▶ _EXERCISE INPUTS_:
---+---

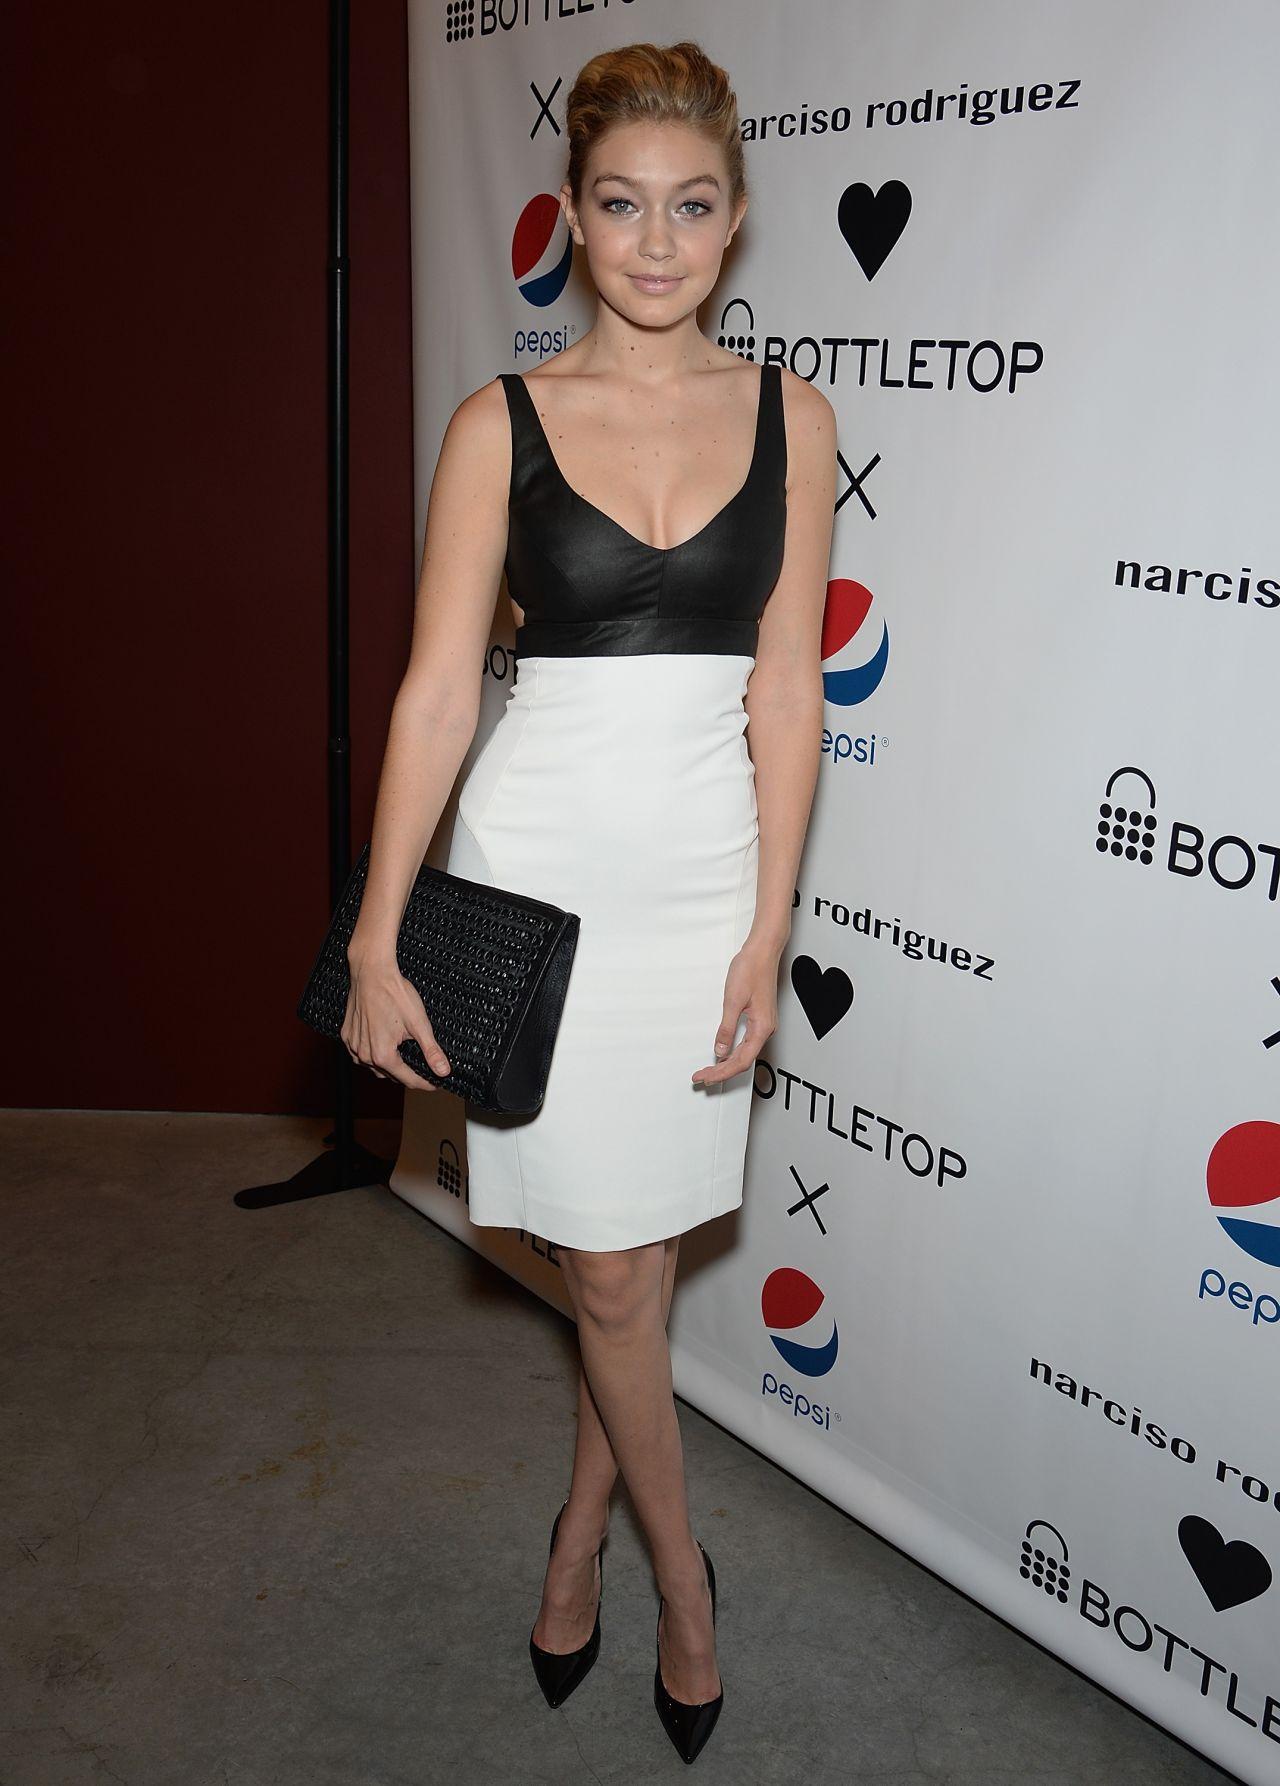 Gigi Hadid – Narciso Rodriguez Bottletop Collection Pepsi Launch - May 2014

---+---

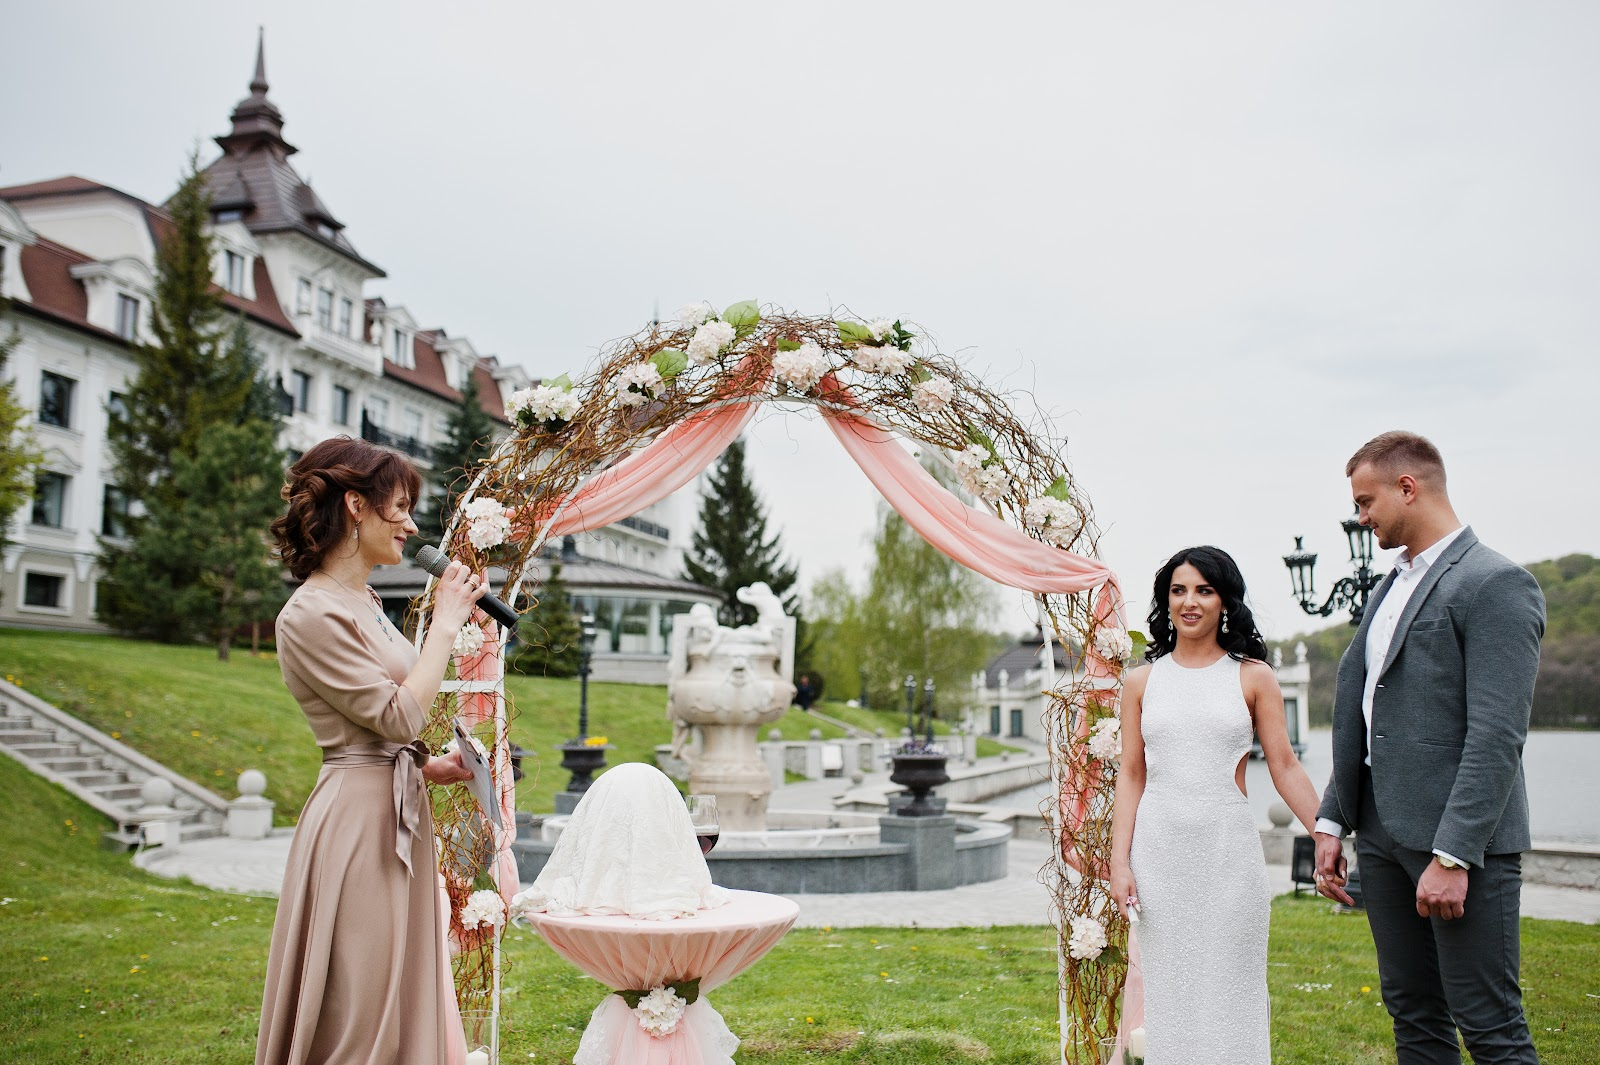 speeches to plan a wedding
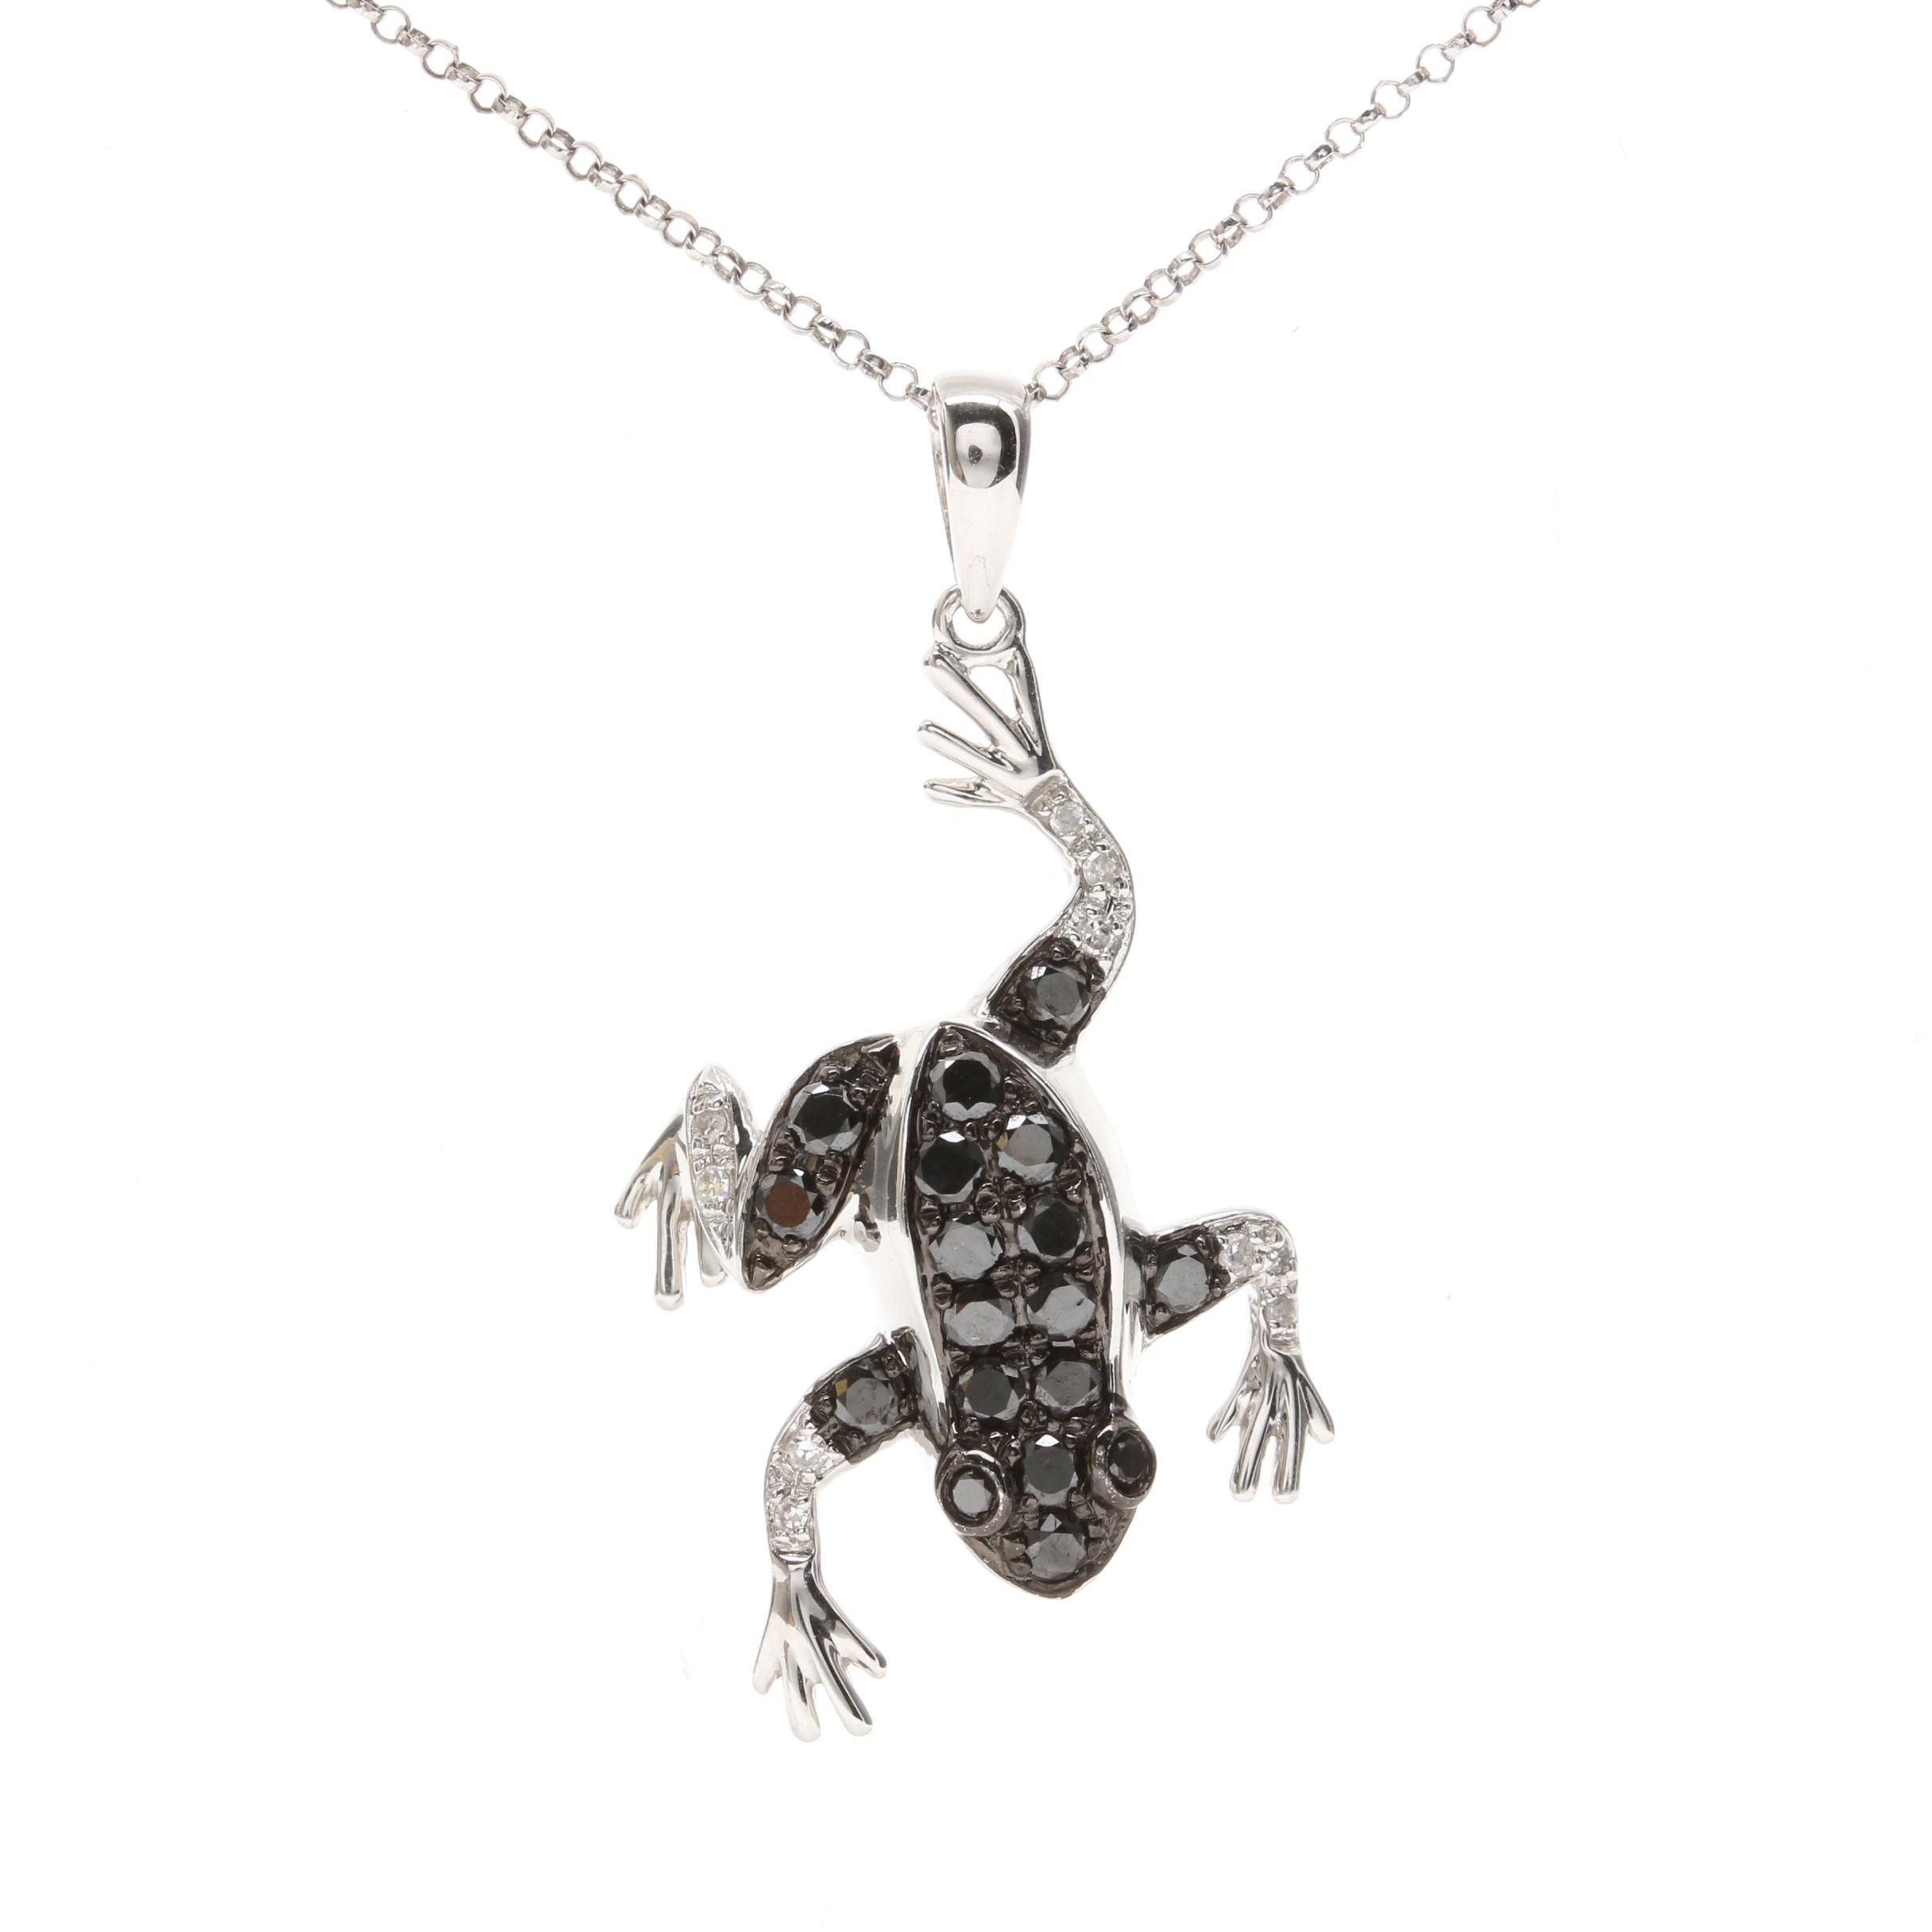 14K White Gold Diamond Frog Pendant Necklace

---+---

Without the pictures, set down the lines above from the line with "speeches to plan a wedding" up to and including the line with "14K White Gold Diamond Frog Pendant Necklace" exactly as they stand.

 speeches to plan a wedding
 14K White Gold Diamond Frog Pendant Necklace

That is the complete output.